Принципы неотложной терапии указаны на рис. 130.

БРОНХИОЛОСПАЗМ. Бронхиолоспазм (рис. 131)—это резкое и длительное сокращение неисчерченной мышечной ткани стенки бронхиол и мелких бронхов, в результате которого их просвет значительно уменьшается, вплоть до полной непроходимости. Этому способствует и набухание слизистой оболочки бронхиол и бронхов, а также повышенная секреция слизи вследствие нарушения микроциркуляции в стенках воздухоносных путей, При сильном сокращении неисчерченной мышечной ткани венулы передавливаются больше, чем артериолы. Вследствие этого отток крови из капилляра практически прекращается. ГД возрастает, и жидкая часть крови фильтруется в ткань бронхиолярной стенки.
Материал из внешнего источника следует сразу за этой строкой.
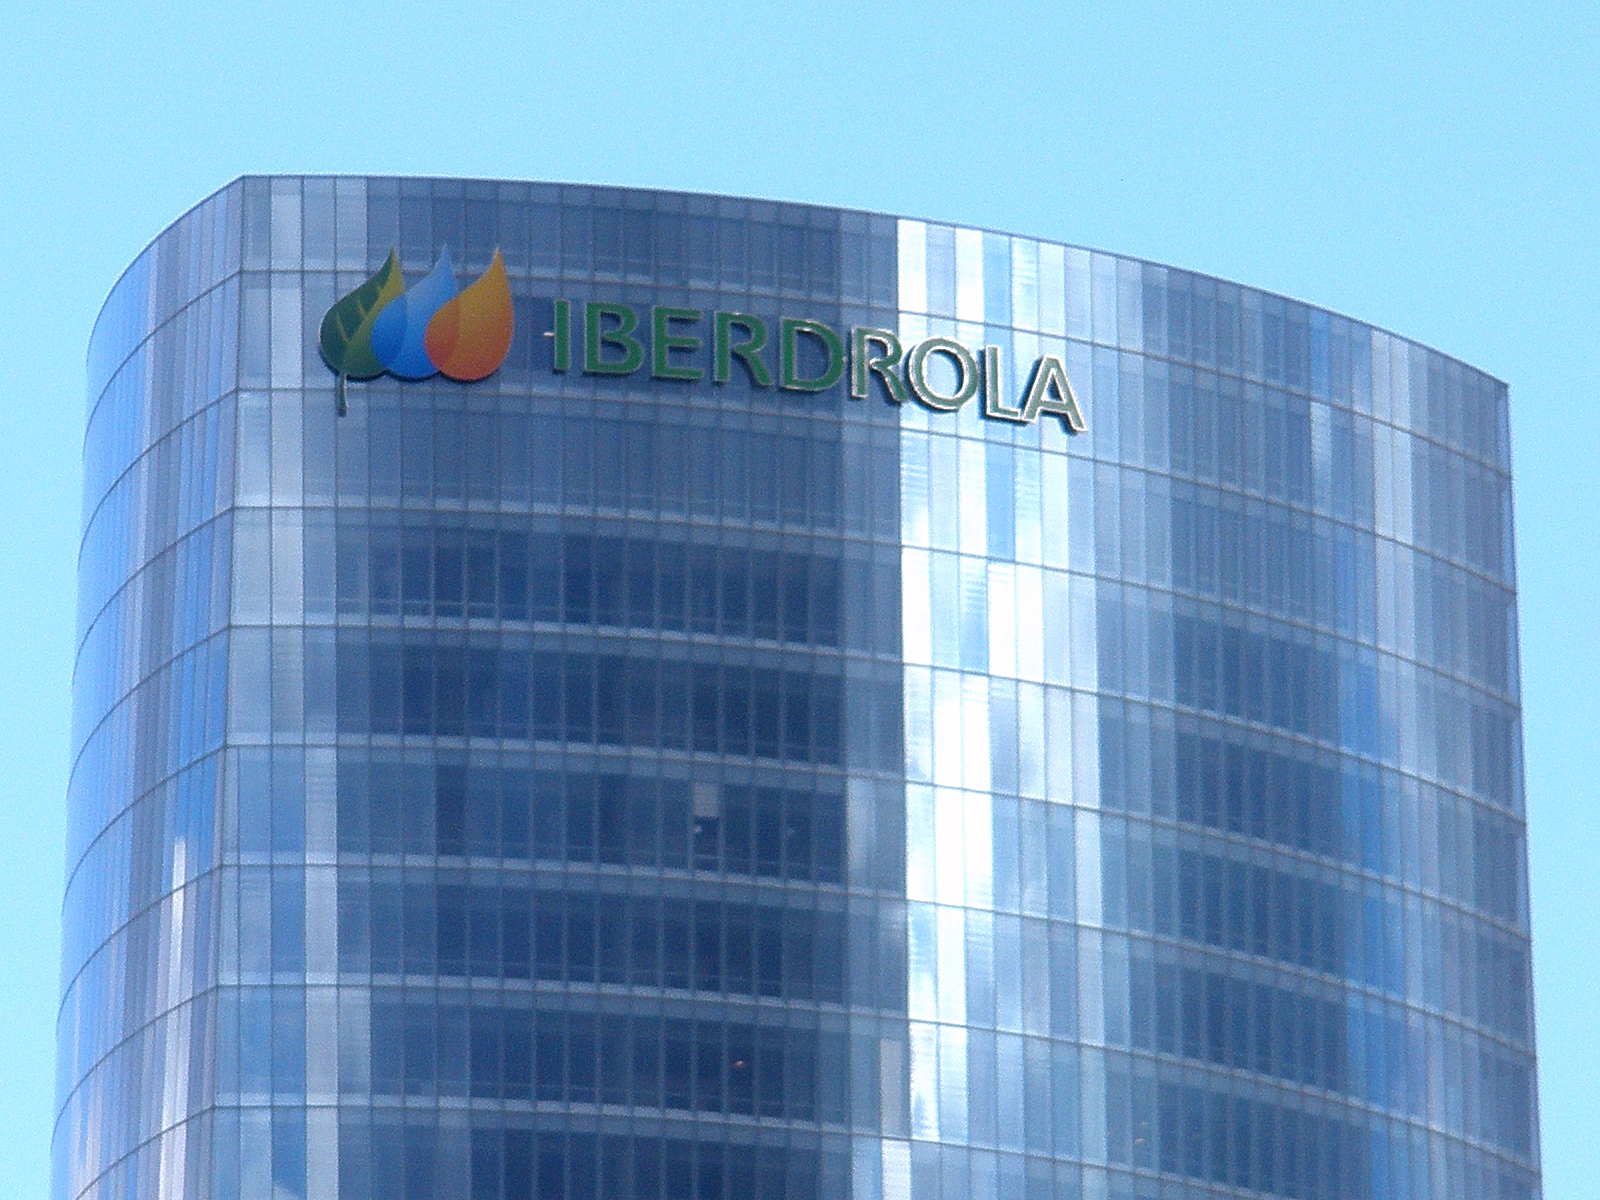 Iberdrola - Wikipedia, la enciclopedia libre

Бронхиолоспазм является основным патогенетическим моментом бронхиальной астмы.

Острая дыхательная недостаточность возникает главным образом во время приступа бронхиолоспазма и особенно — астматического состояния.

Рис. 131. Причины, клиника и лечение бронхиолоспазма.

В патогенезе длительного бронхиолоспазма, называемого астматическим состоянием, основную роль играет внезапно возникающая или усиливающаяся блокада β -адренергических рецепторов бронхиол и бронхов, причины которой окончательно не установлены. Однако гипоксия, гиперкапния и ацидоз усиливают β-адренергическую блокаду и поддерживают таким образом бронхиолоспазм.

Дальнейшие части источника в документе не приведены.